Collection entries
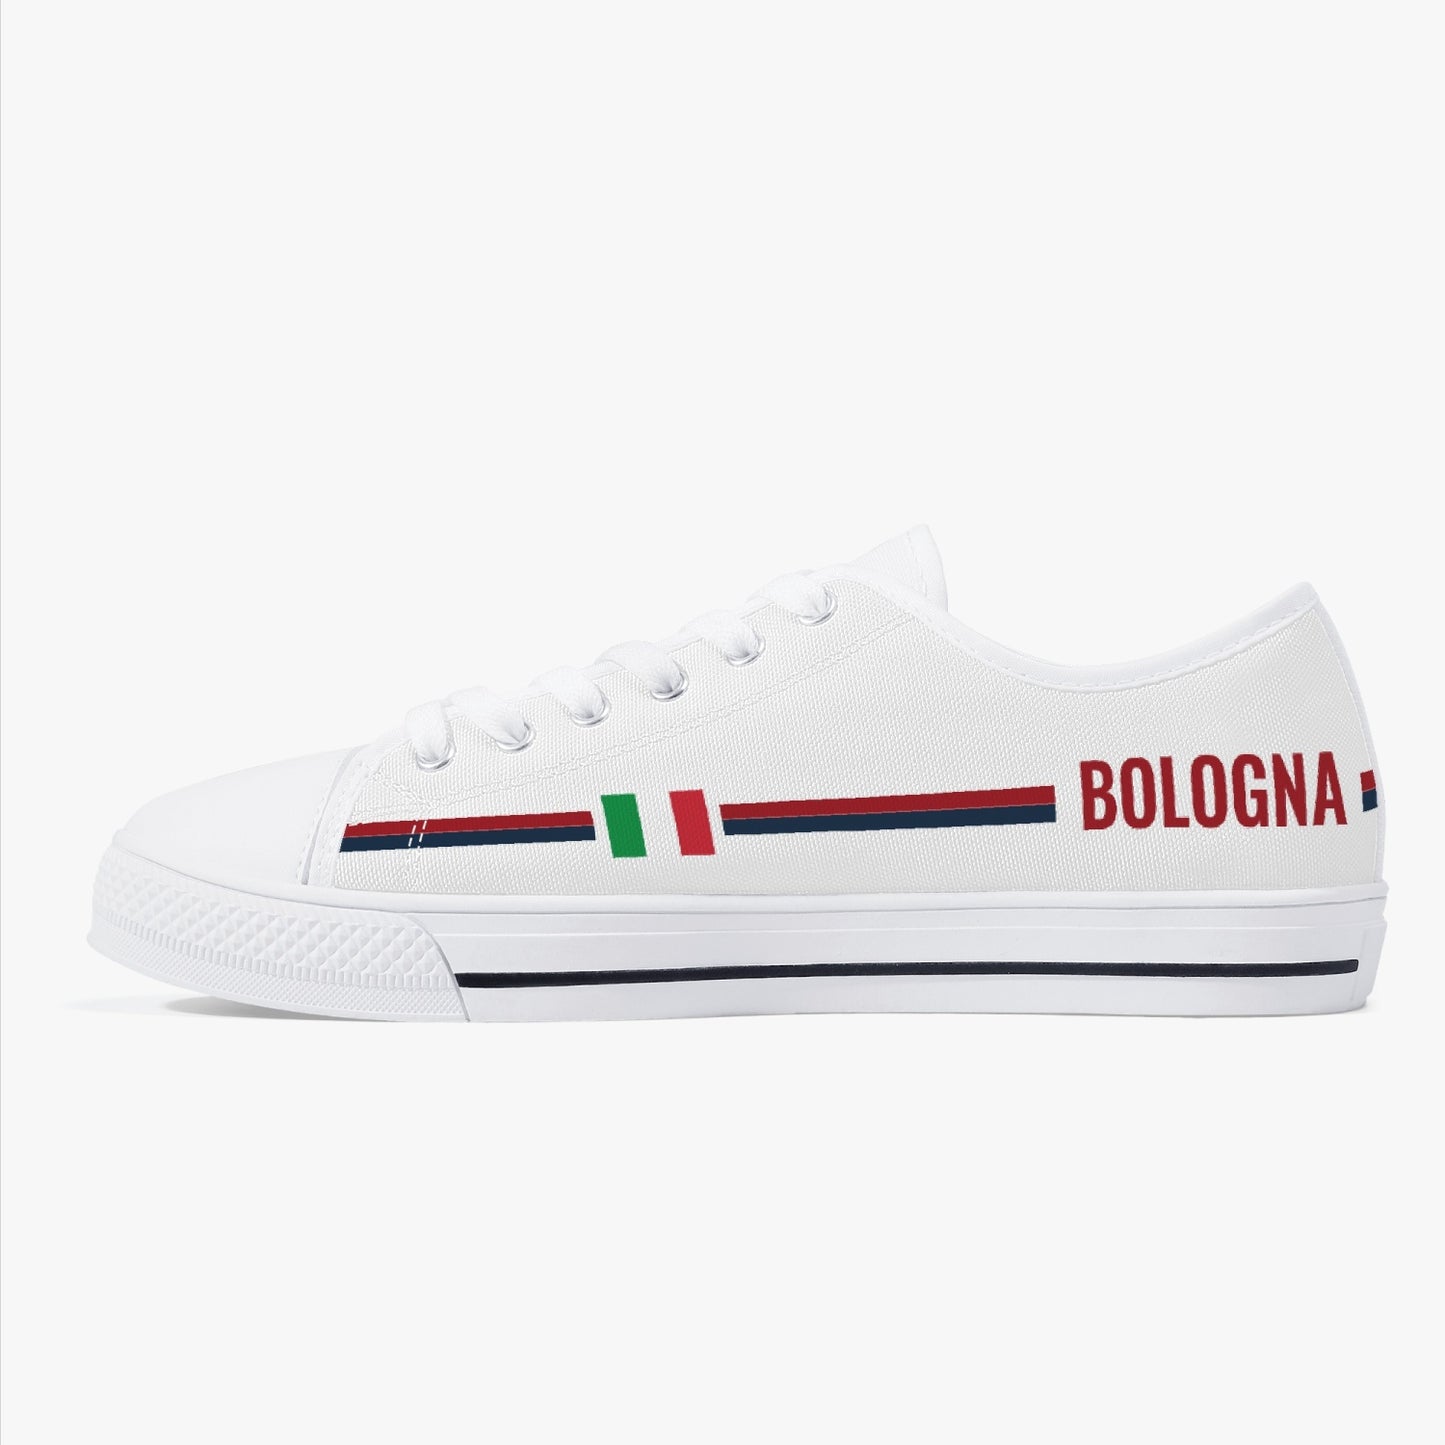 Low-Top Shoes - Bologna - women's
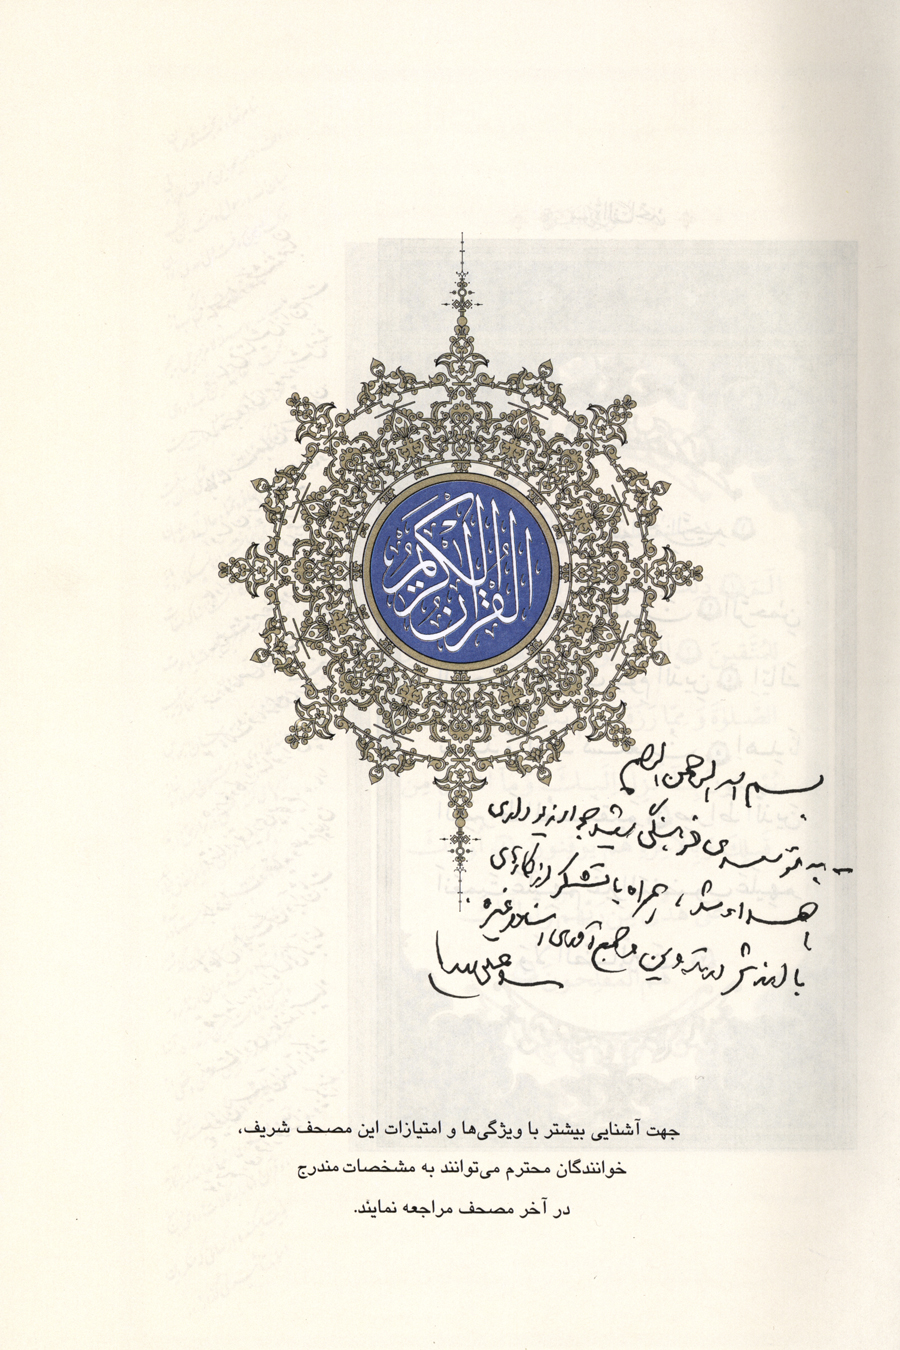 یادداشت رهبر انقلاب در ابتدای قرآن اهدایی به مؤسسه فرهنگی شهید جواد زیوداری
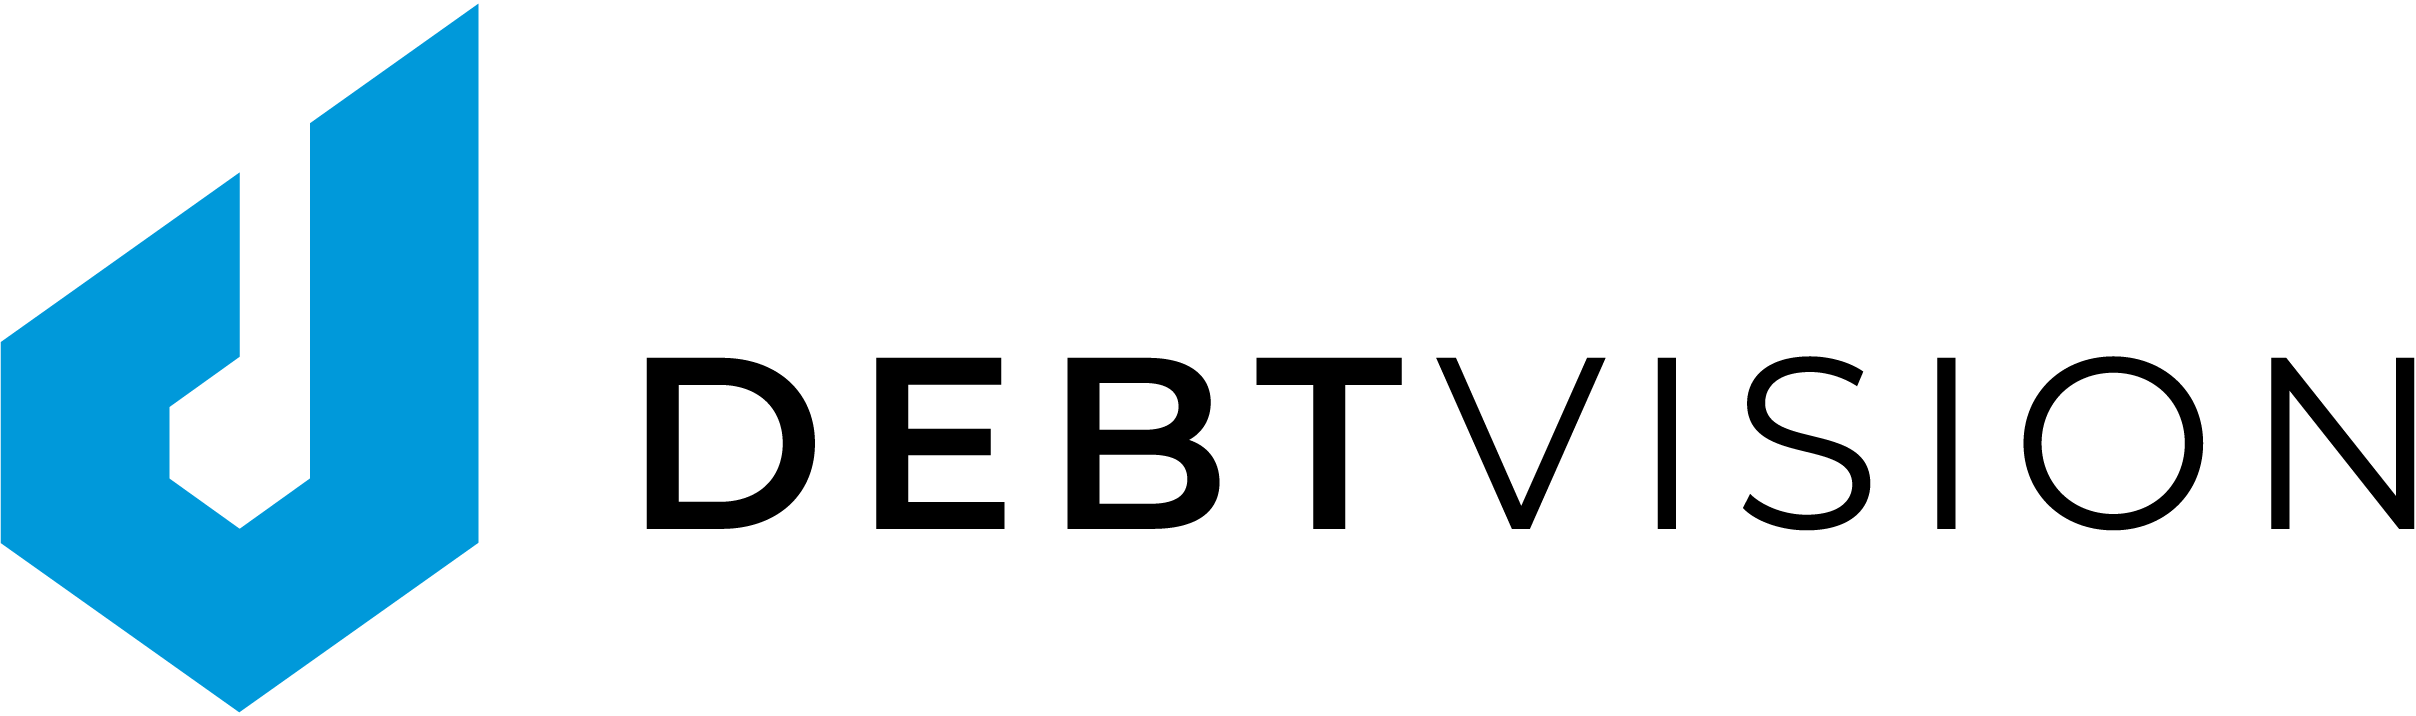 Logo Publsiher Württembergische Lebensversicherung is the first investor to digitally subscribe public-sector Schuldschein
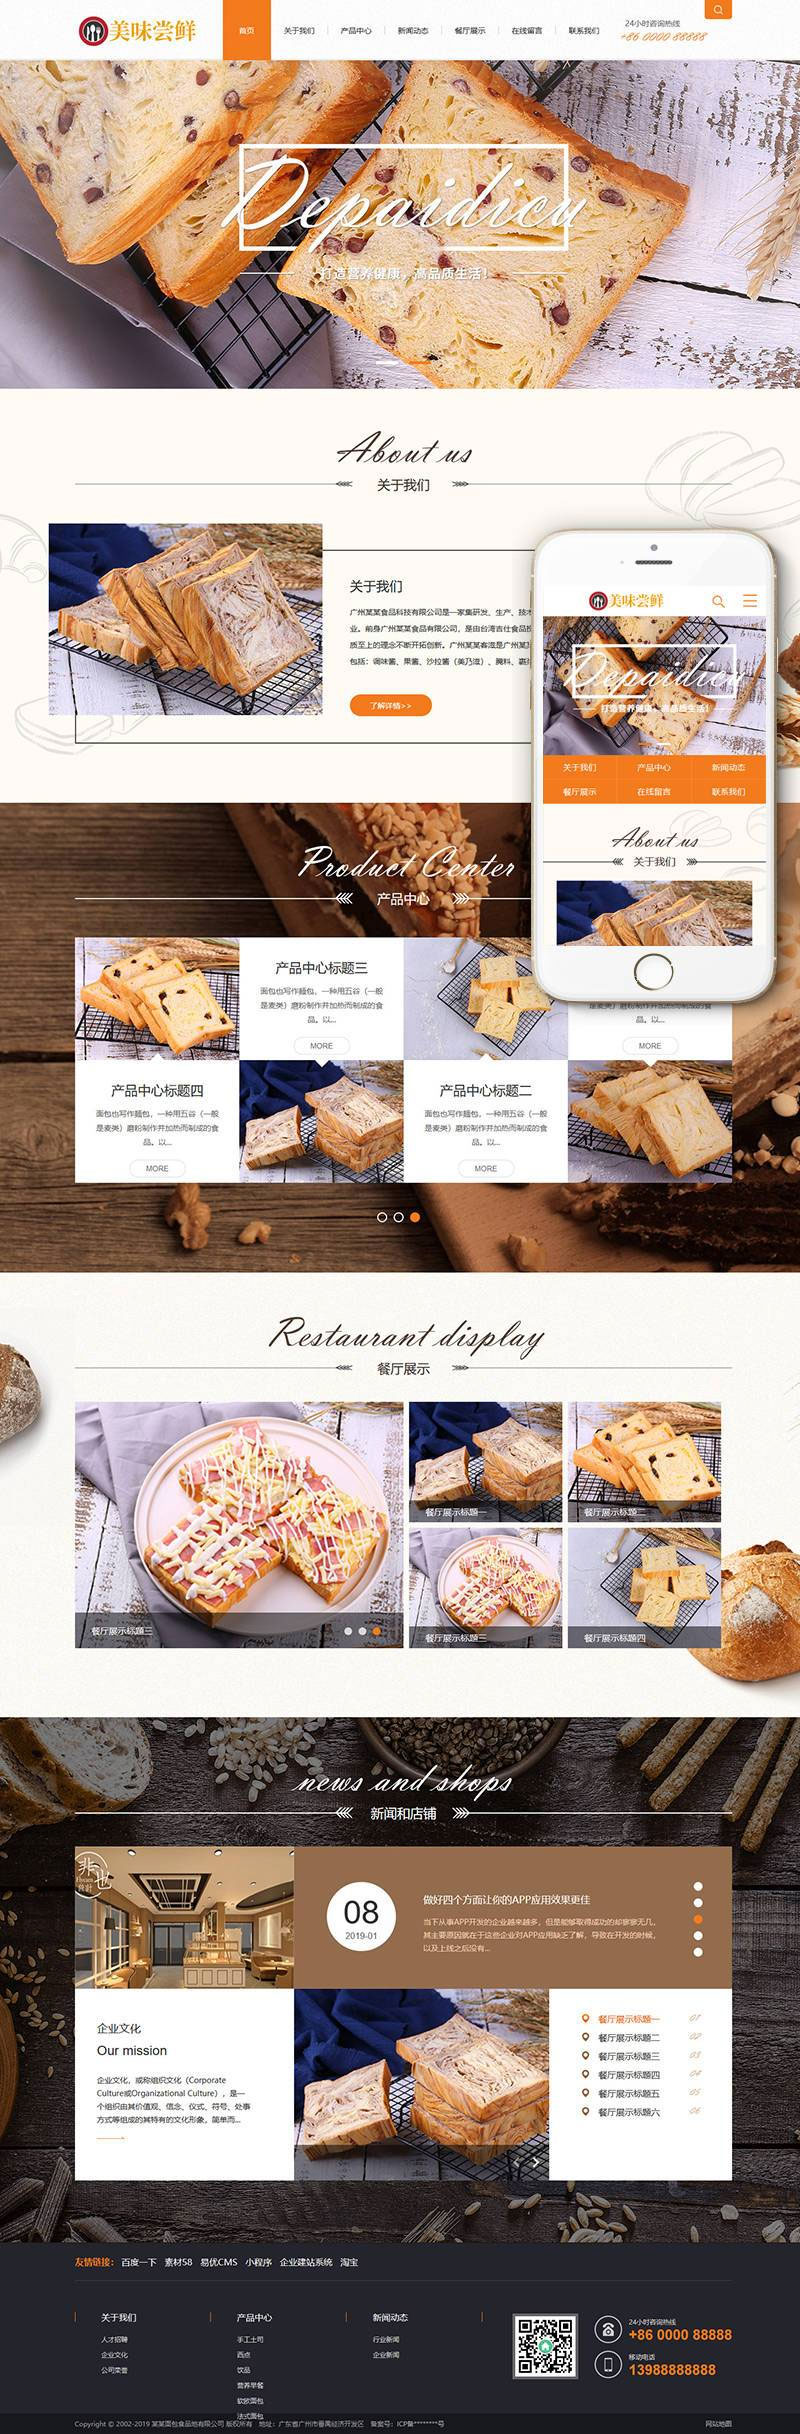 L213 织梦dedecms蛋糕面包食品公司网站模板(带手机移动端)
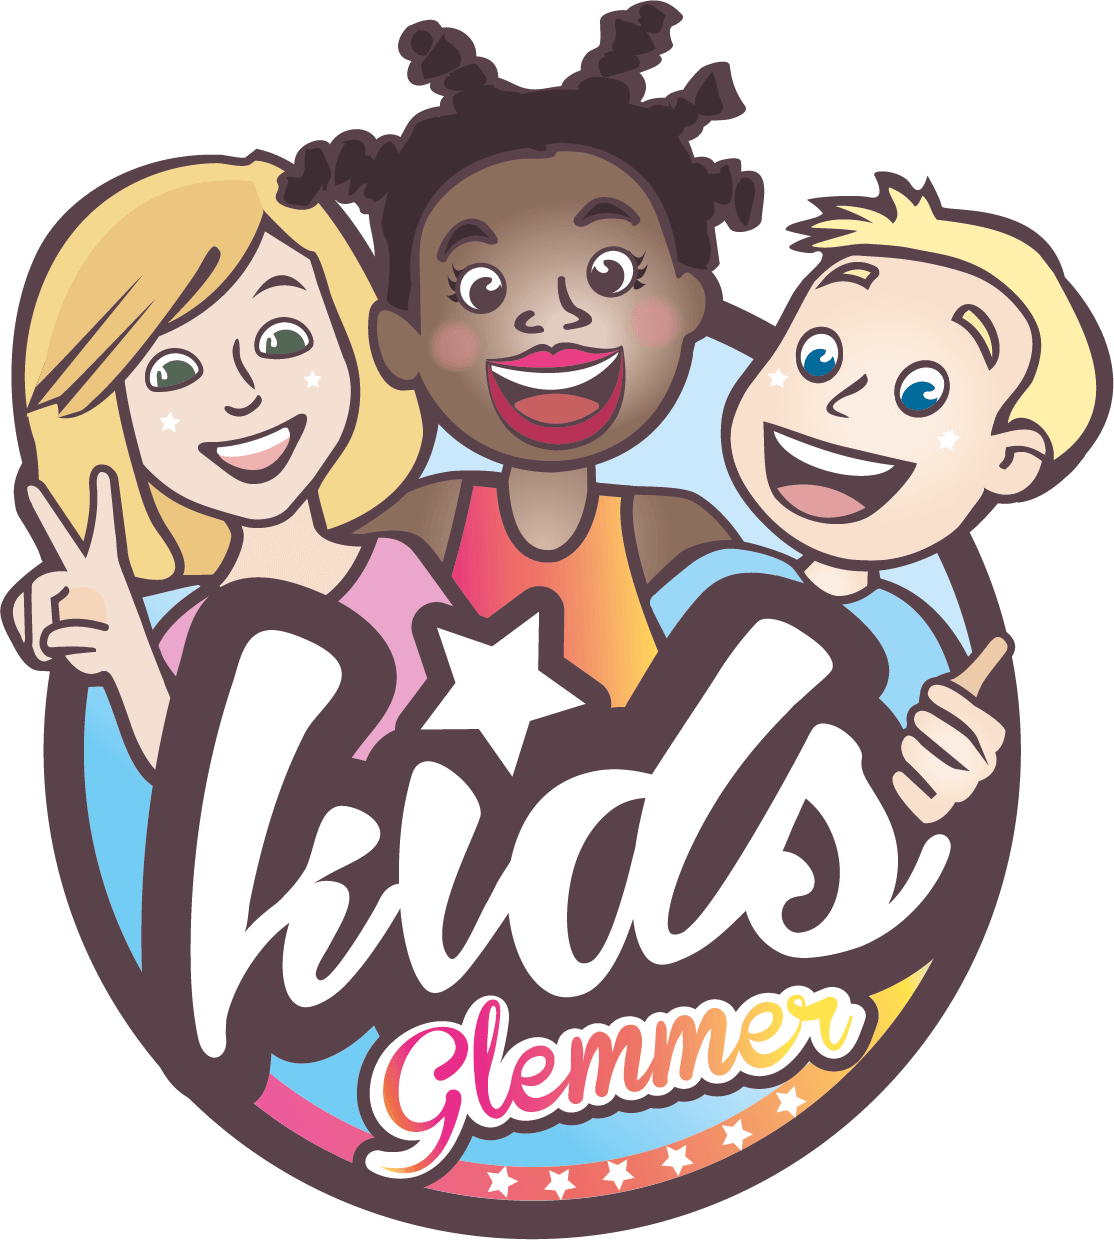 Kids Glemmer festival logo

Description of the task: Repeat the data exactly, dropping every picture it holds.

Answer box:
 Low-Top Shoes - Bologna - women's
 یادداشت رهبر انقلاب در ابتدای قرآن اهدایی به مؤسسه فرهنگی شهید جواد زیوداری
 Logo Publsiher Württembergische Lebensversicherung is the first investor to digitally subscribe public-sector Schuldschein
 L213 织梦dedecms蛋糕面包食品公司网站模板(带手机移动端)
 Kids Glemmer festival logo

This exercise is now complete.